RECORDS:
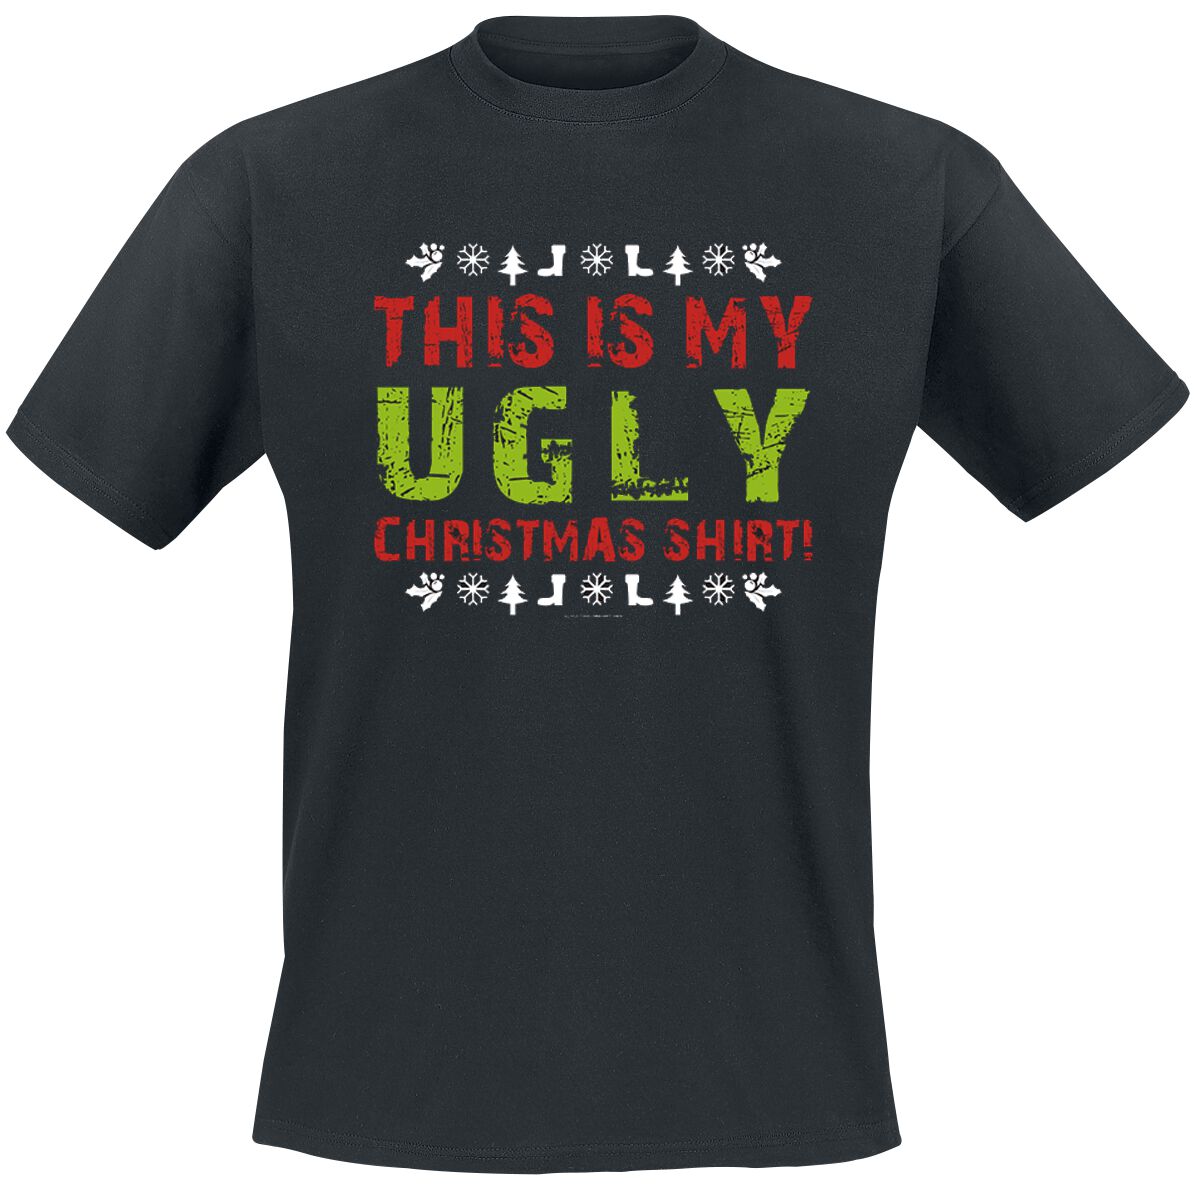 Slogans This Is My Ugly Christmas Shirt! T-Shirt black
...
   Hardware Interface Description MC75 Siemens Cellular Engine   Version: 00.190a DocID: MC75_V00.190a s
...
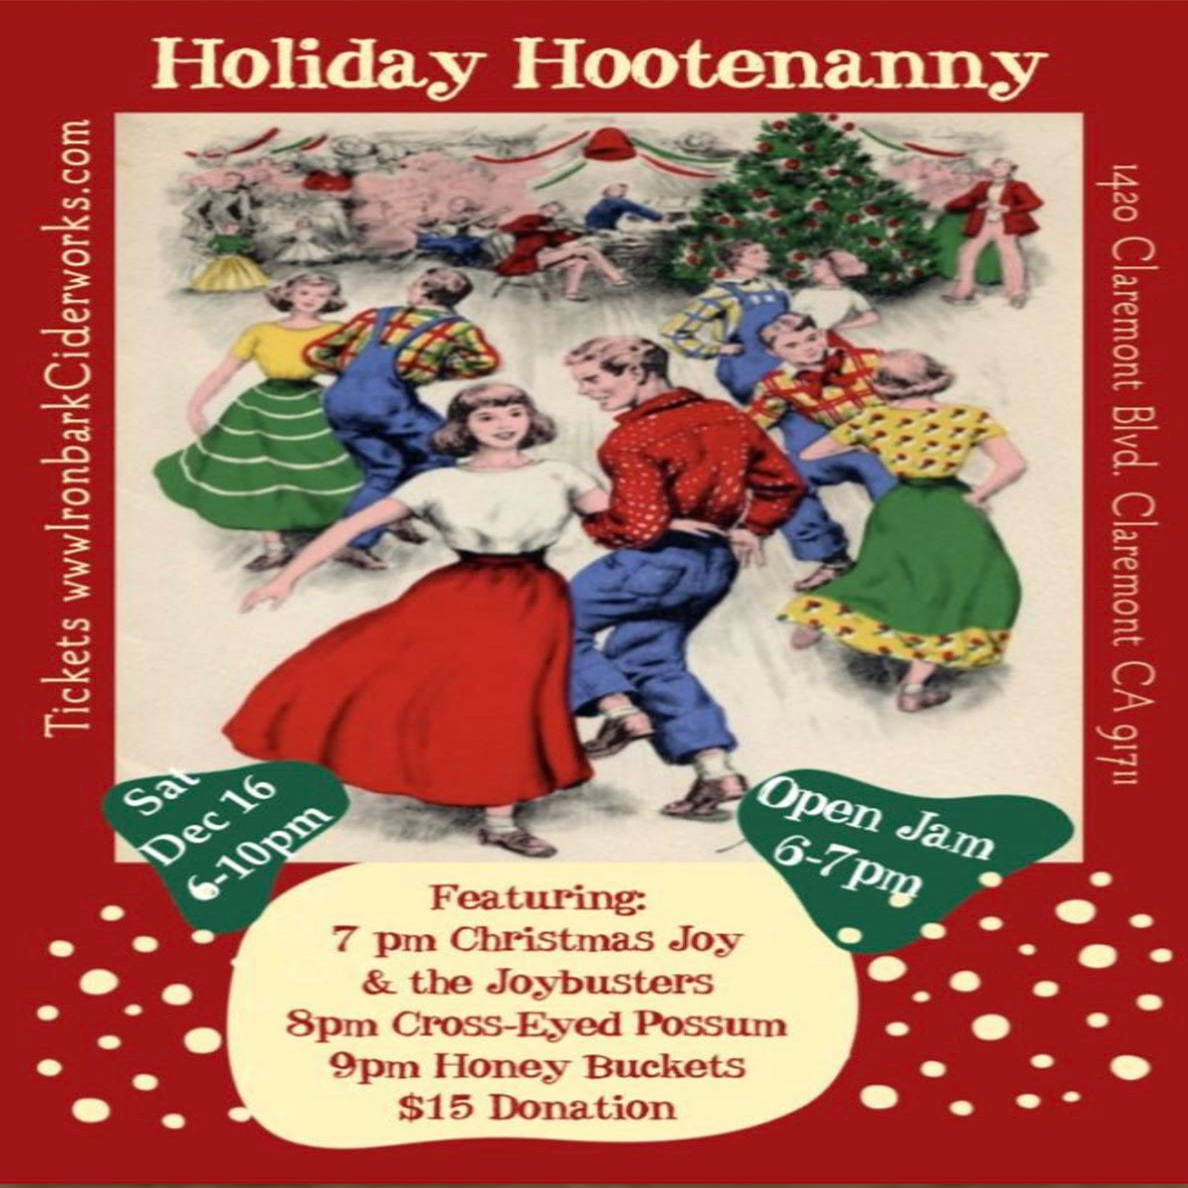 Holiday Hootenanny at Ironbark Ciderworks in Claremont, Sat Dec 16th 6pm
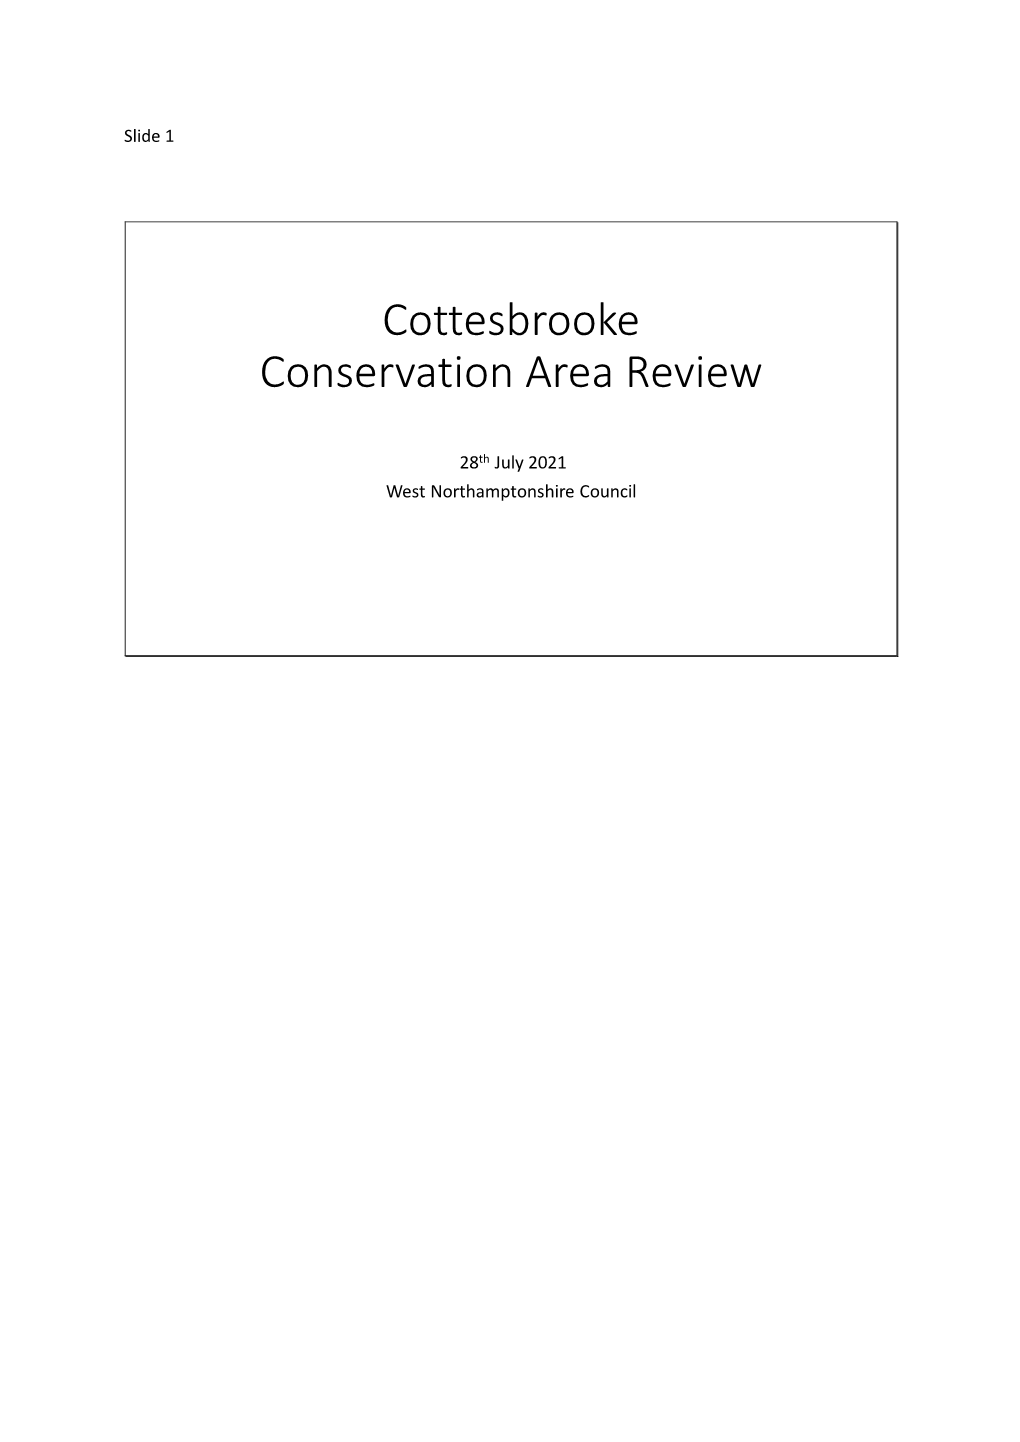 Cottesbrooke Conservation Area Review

EXERCISE GOAL: Now transcribe the lines above exactly, starting at the line containing "Holiday Hootenanny at" and ending at the line containing "Cottesbrooke Conservation Area Review", both lines included, pictures excluded.

OUTPUT:
 Holiday Hootenanny at Ironbark Ciderworks in Claremont, Sat Dec 16th 6pm
 Cottesbrooke Conservation Area Review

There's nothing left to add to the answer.